The show comprises a wide range of significant artworks in a diversity of media that have been loaned from public and private collections. Dorothy Kay’s extraordinary Elvery Family (1938), on loan from the South African National Gallery, will be on show, as will her delightful Eye of the Beholder (1953) – a painting in the collection of the Nelson Mandela Metropolitan Art Museum which shows the artist at the hairdresser.

The exhibition also includes Penny Siopis’s much-admired My Lovely Day (1997). An installation that is an imaginative reconstruction of the cinema owned by the artist’s grandfather in Umtata in the 1930s, this work includes a video projected onto a screen in the manner of a silent film. A unique self-portrait by ceramic sculptor, Bonnie Ntshalintshali, will also be on exhibition. Produced in 1991, it is the only work that the curator has ever encountered in which a South African black woman artist represents herself in the context of a studio and surrounded by materials for making art.

These are just a few of the pieces in this significant exhibition, and the viewer will also have the opportunity to see works by Bongi Bengu, Candice Breitz, Jean Brundrit, Christine Dixie, Terry Kurgan, Antoinette Murdoch as well as a host of other well-known South African women artists.

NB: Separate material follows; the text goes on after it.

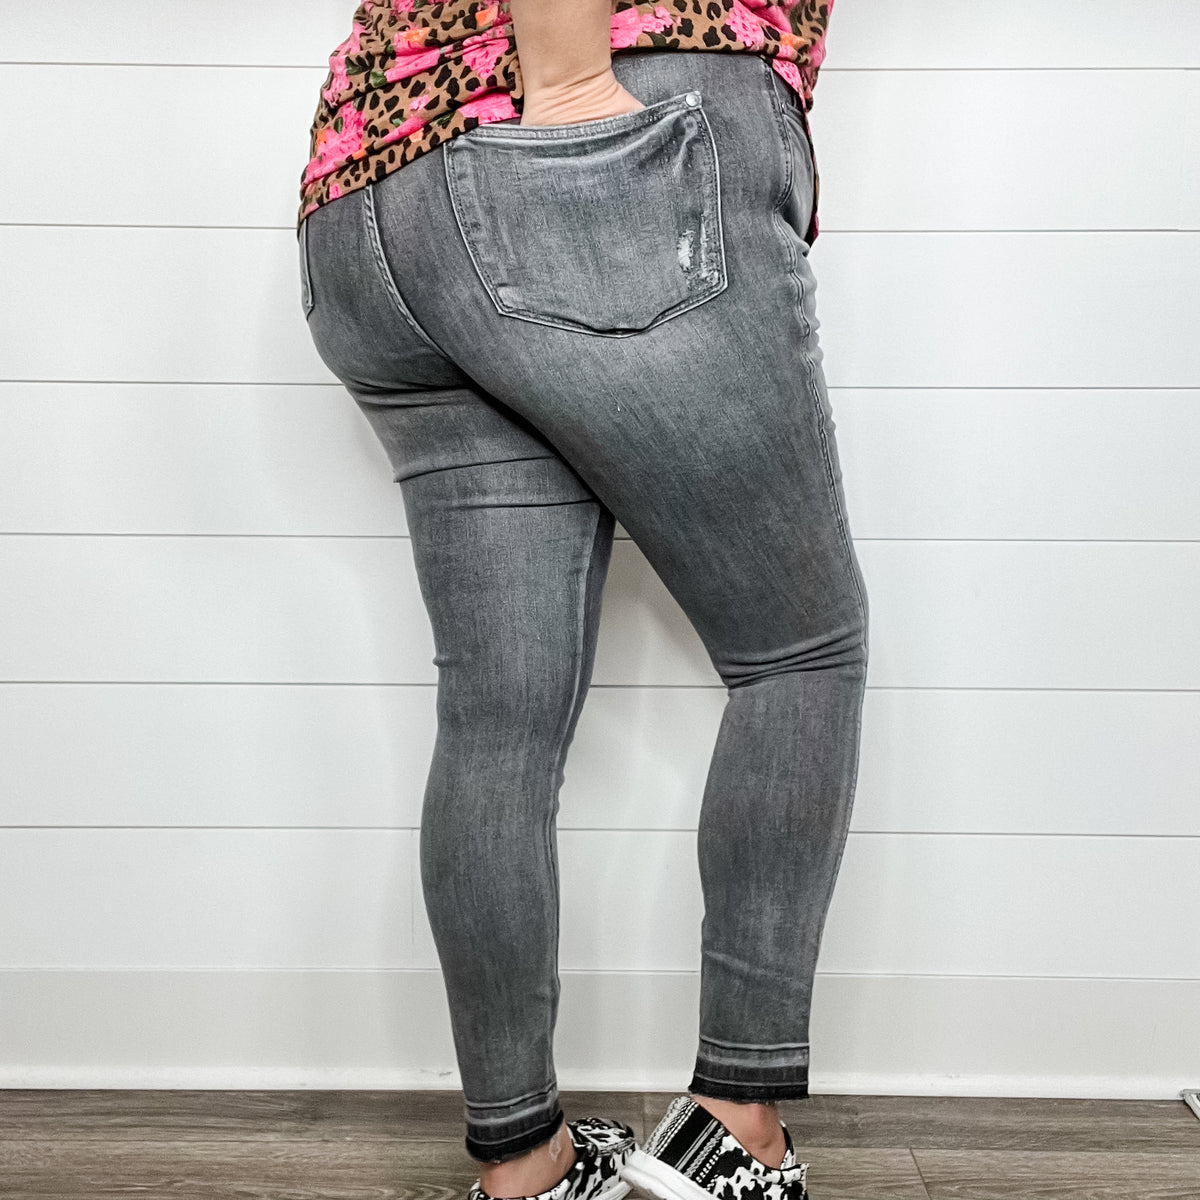 Judy Blue Tummy Control Jeans  Stretchy Denim that Slims

The book, published by David Krut Publishing, which complements the exhibition, will be launched in Johannesburg at the end of May but re-launched in Grahamstown at the opening of the exhibition on July 1. Illustrated in full colour and with a lucid and substantial text, Through the Looking Glass is described by Dr Marion Arnold, author of Women and Art in South Africa (David Philip, 1996), as “an erudite and persuasive book” that “will make a significant contribution to South African art literature”. Dr Arnold observes that “in addition to its academic merits – and these are considerable – this very readable text will help South Africans to understand how contemporary visual culture positions individuals in fluid social contexts”.

Through the Looking Glass is sponsored partially by the National Arts Council of South Africa and David Krut Arts Resource. Funding for research undertaken towards this publication is from the Joint Research Committee at Rhodes University.